> **Required action**: Give again, unaltered, the line with "Vid östra Muskö" and all lines that follow it in the listing below, minus any pictures.

> **Stored data**:
((

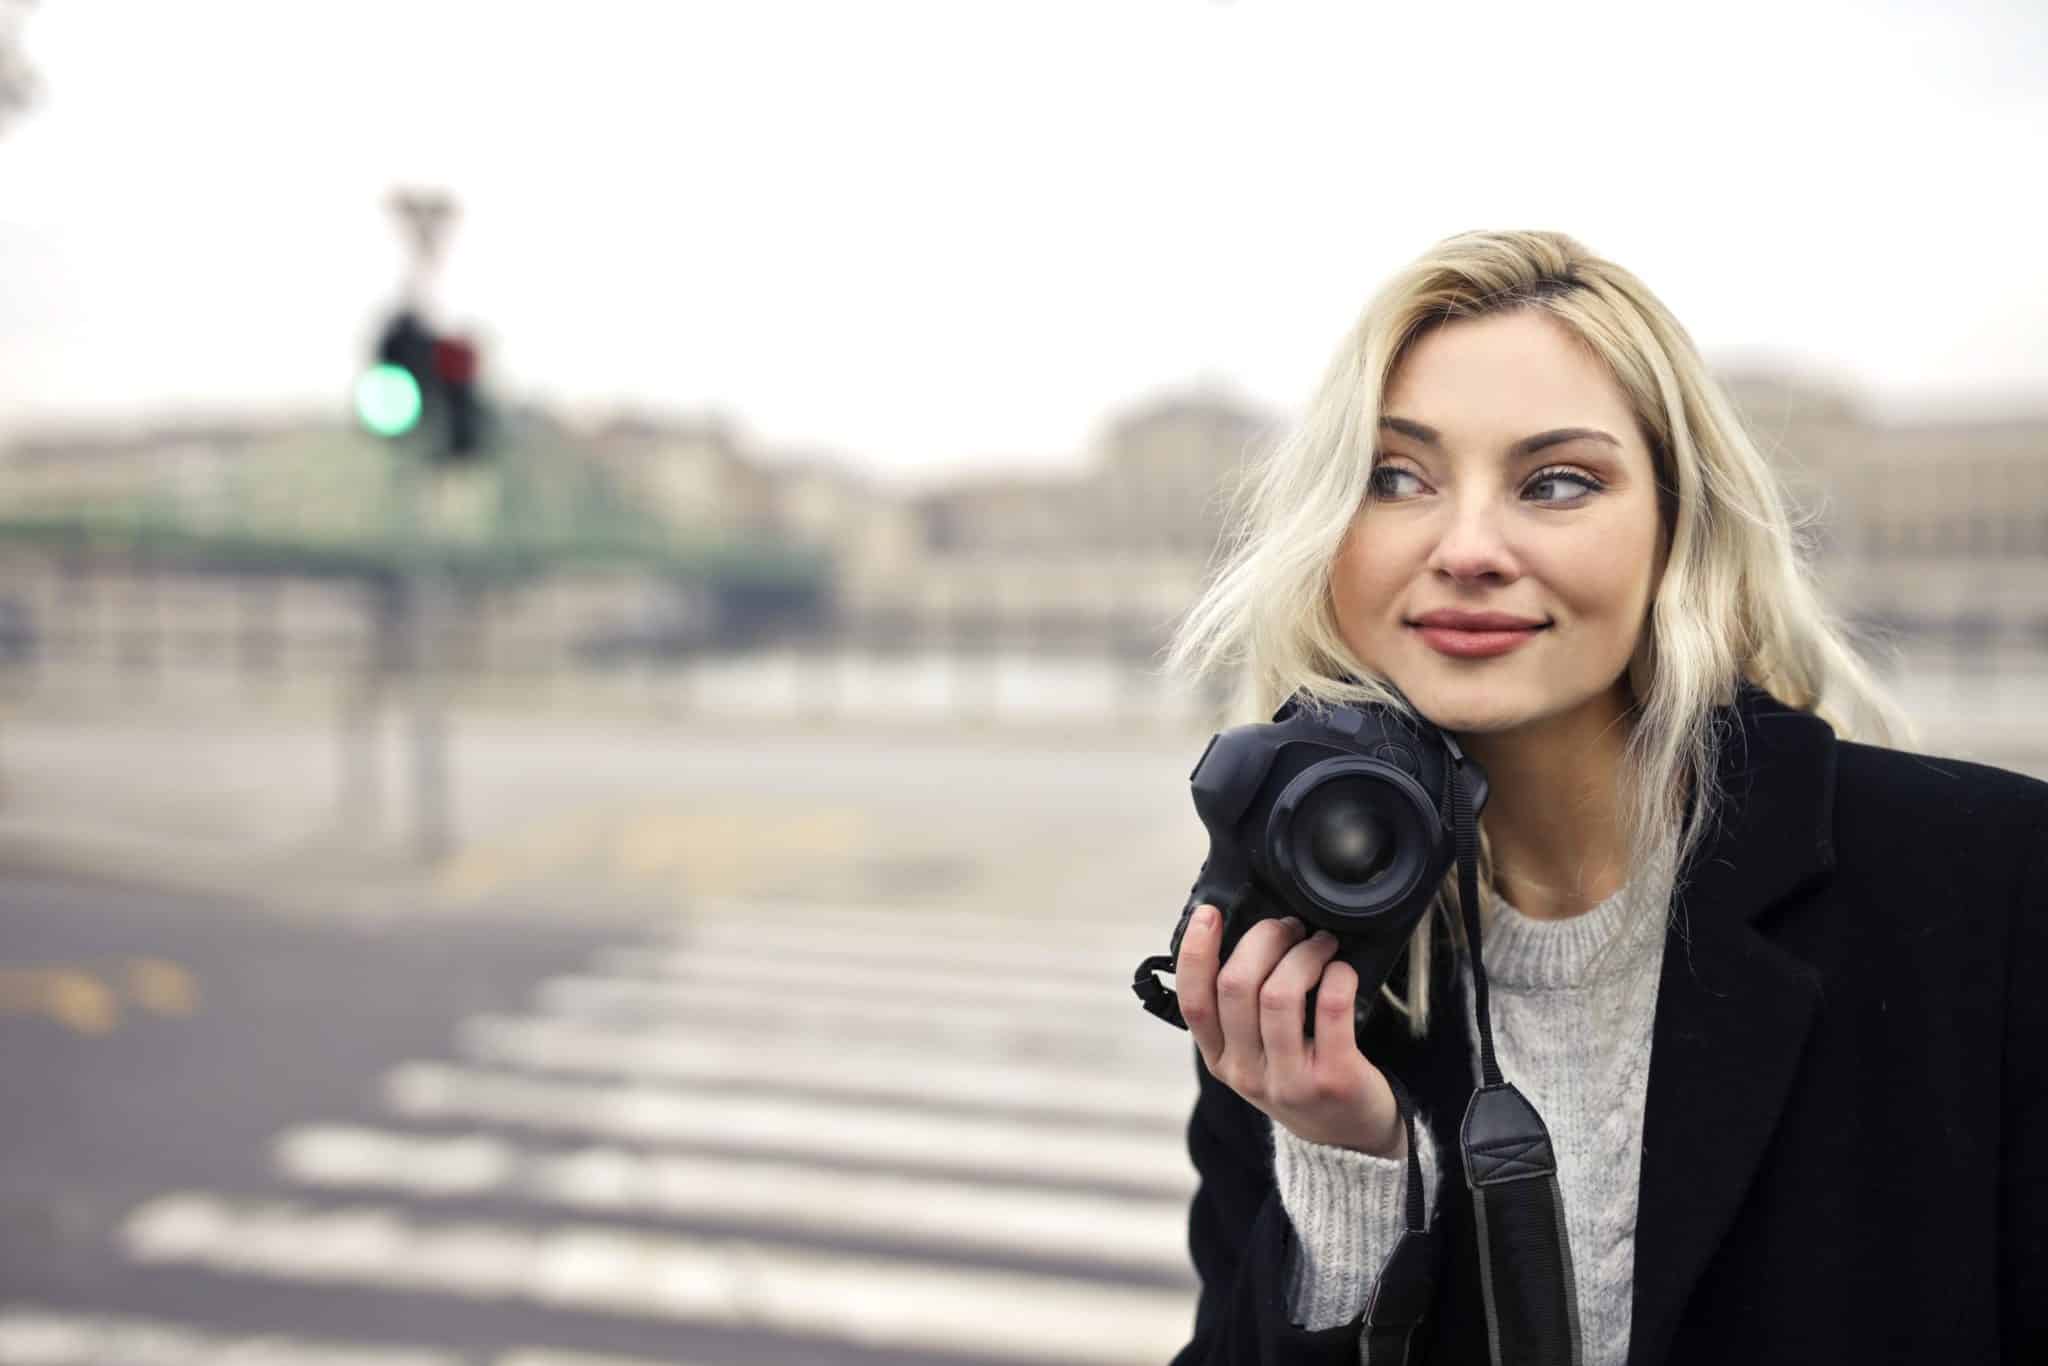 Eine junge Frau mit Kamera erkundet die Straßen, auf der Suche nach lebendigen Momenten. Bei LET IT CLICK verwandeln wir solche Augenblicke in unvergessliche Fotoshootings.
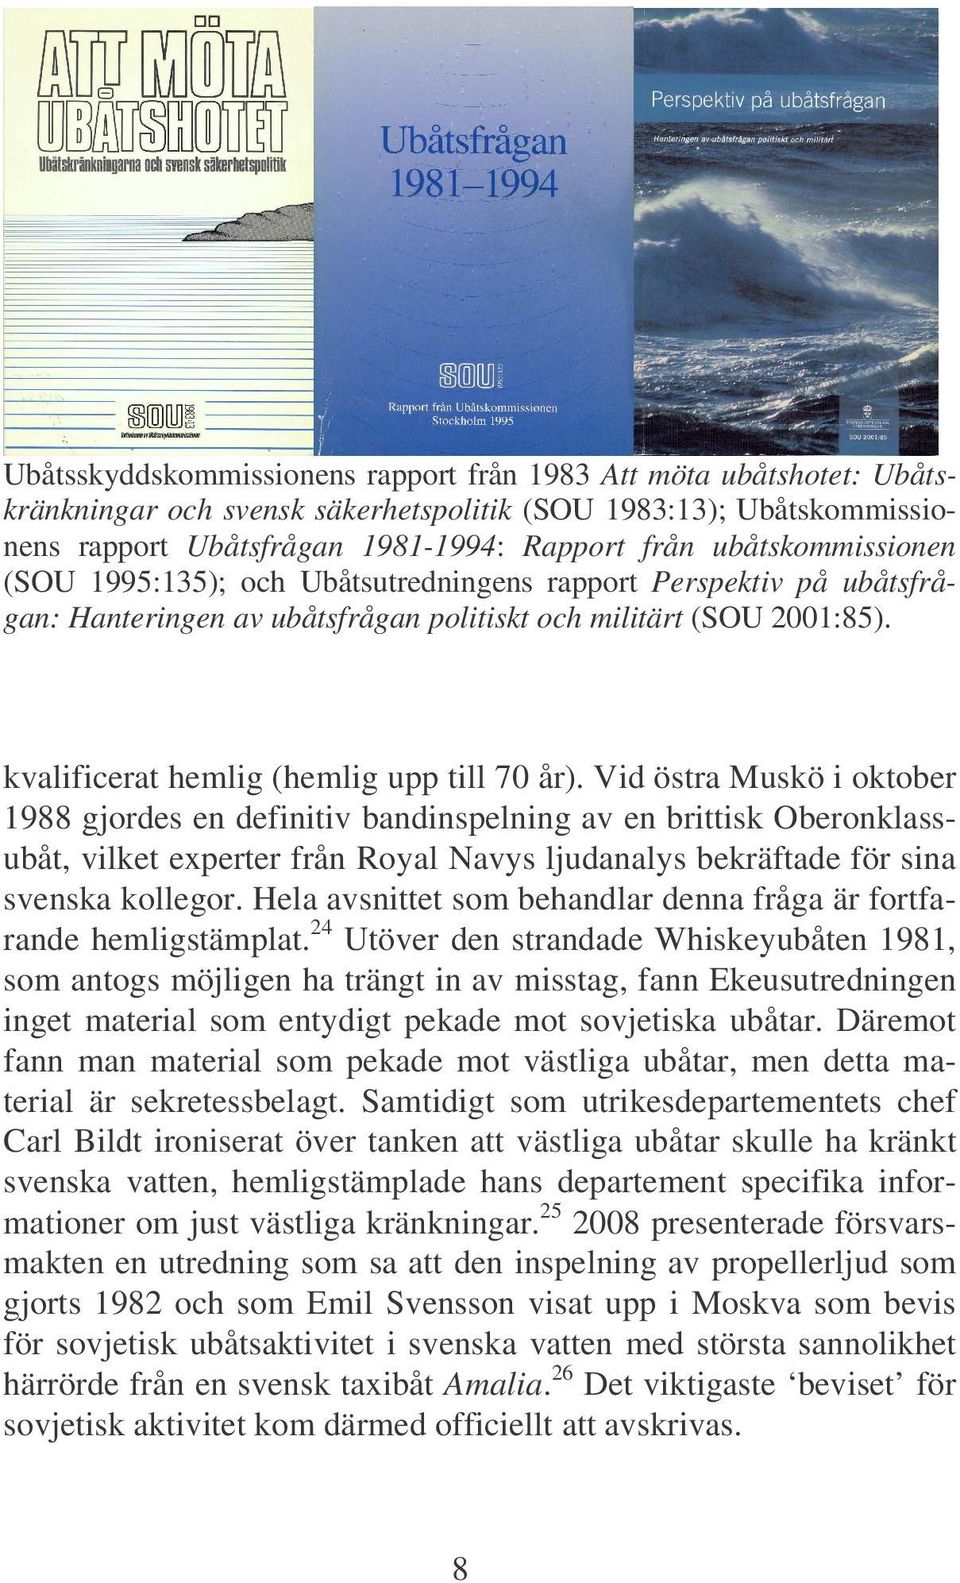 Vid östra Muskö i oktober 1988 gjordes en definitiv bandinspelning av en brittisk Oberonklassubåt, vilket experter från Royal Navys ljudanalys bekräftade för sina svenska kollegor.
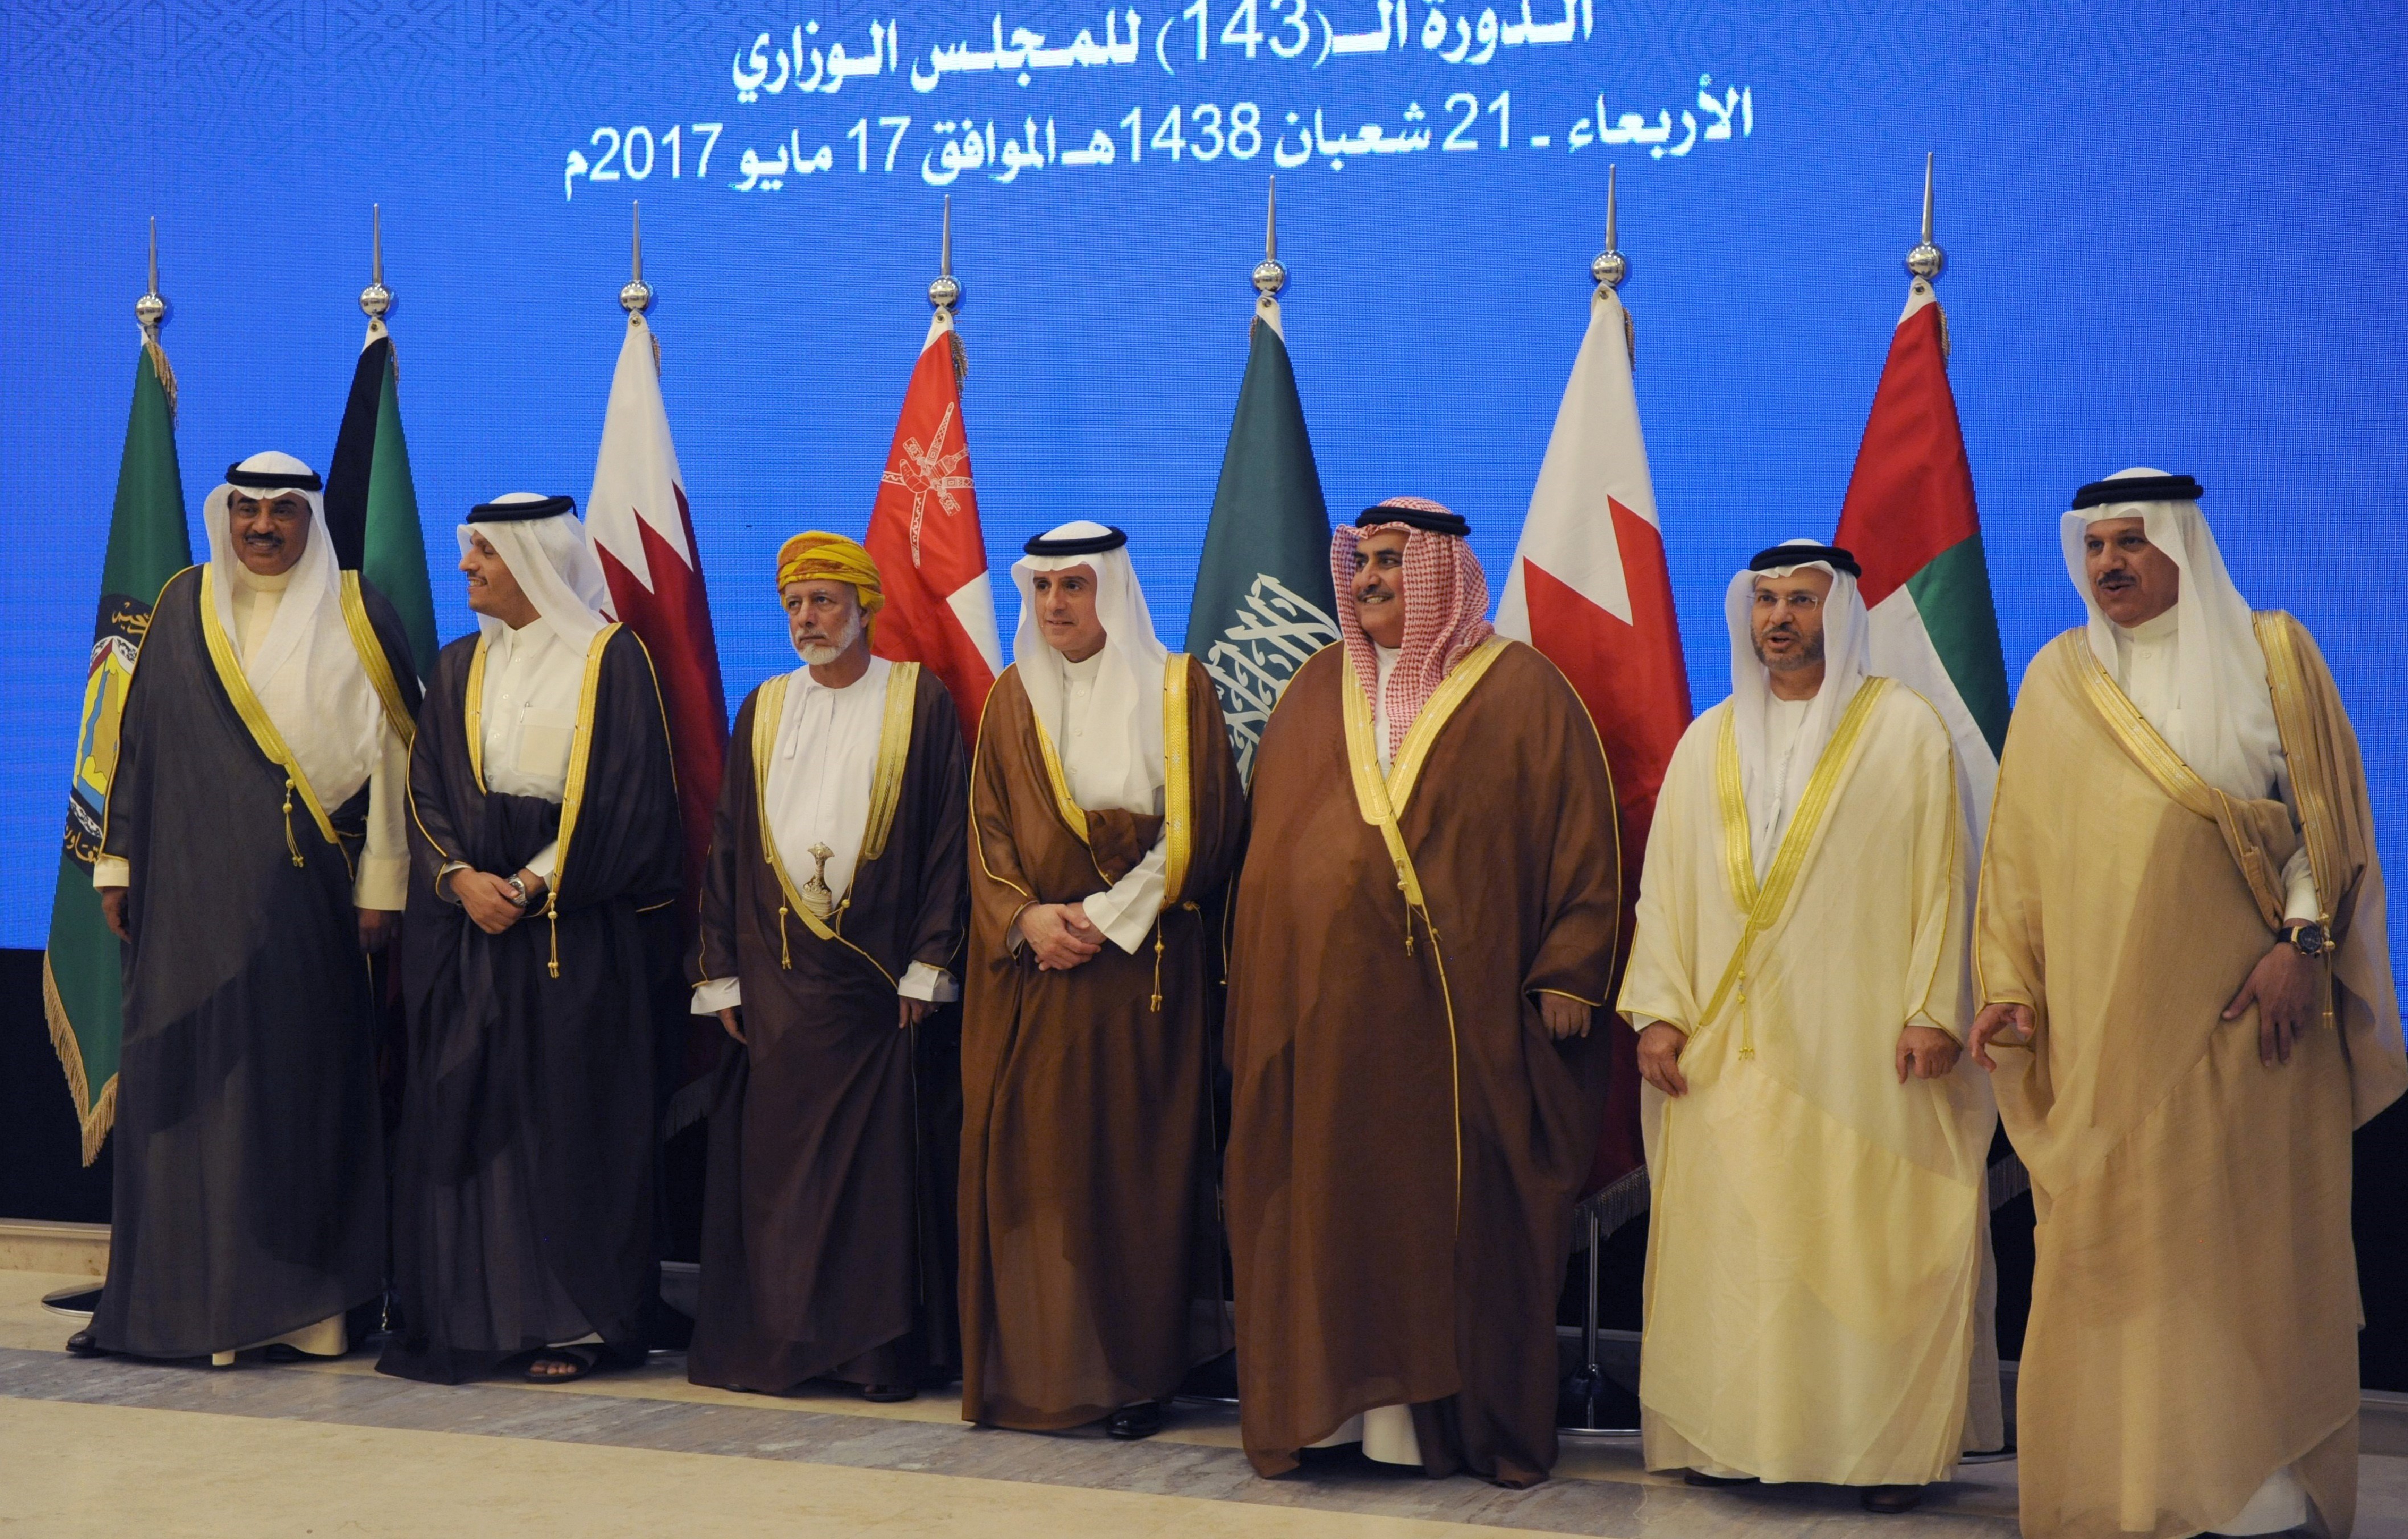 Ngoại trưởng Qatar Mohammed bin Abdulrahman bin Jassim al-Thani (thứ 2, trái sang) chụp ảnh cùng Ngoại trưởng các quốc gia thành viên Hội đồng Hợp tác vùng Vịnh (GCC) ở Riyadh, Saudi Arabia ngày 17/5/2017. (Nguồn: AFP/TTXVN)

))

> **Result of this exercise**:
 Vid östra Muskö i oktober 1988 gjordes en definitiv bandinspelning av en brittisk Oberonklassubåt, vilket experter från Royal Navys ljudanalys bekräftade för sina svenska kollegor.
 Ngoại trưởng Qatar Mohammed bin Abdulrahman bin Jassim al-Thani (thứ 2, trái sang) chụp ảnh cùng Ngoại trưởng các quốc gia thành viên Hội đồng Hợp tác vùng Vịnh (GCC) ở Riyadh, Saudi Arabia ngày 17/5/2017. (Nguồn: AFP/TTXVN)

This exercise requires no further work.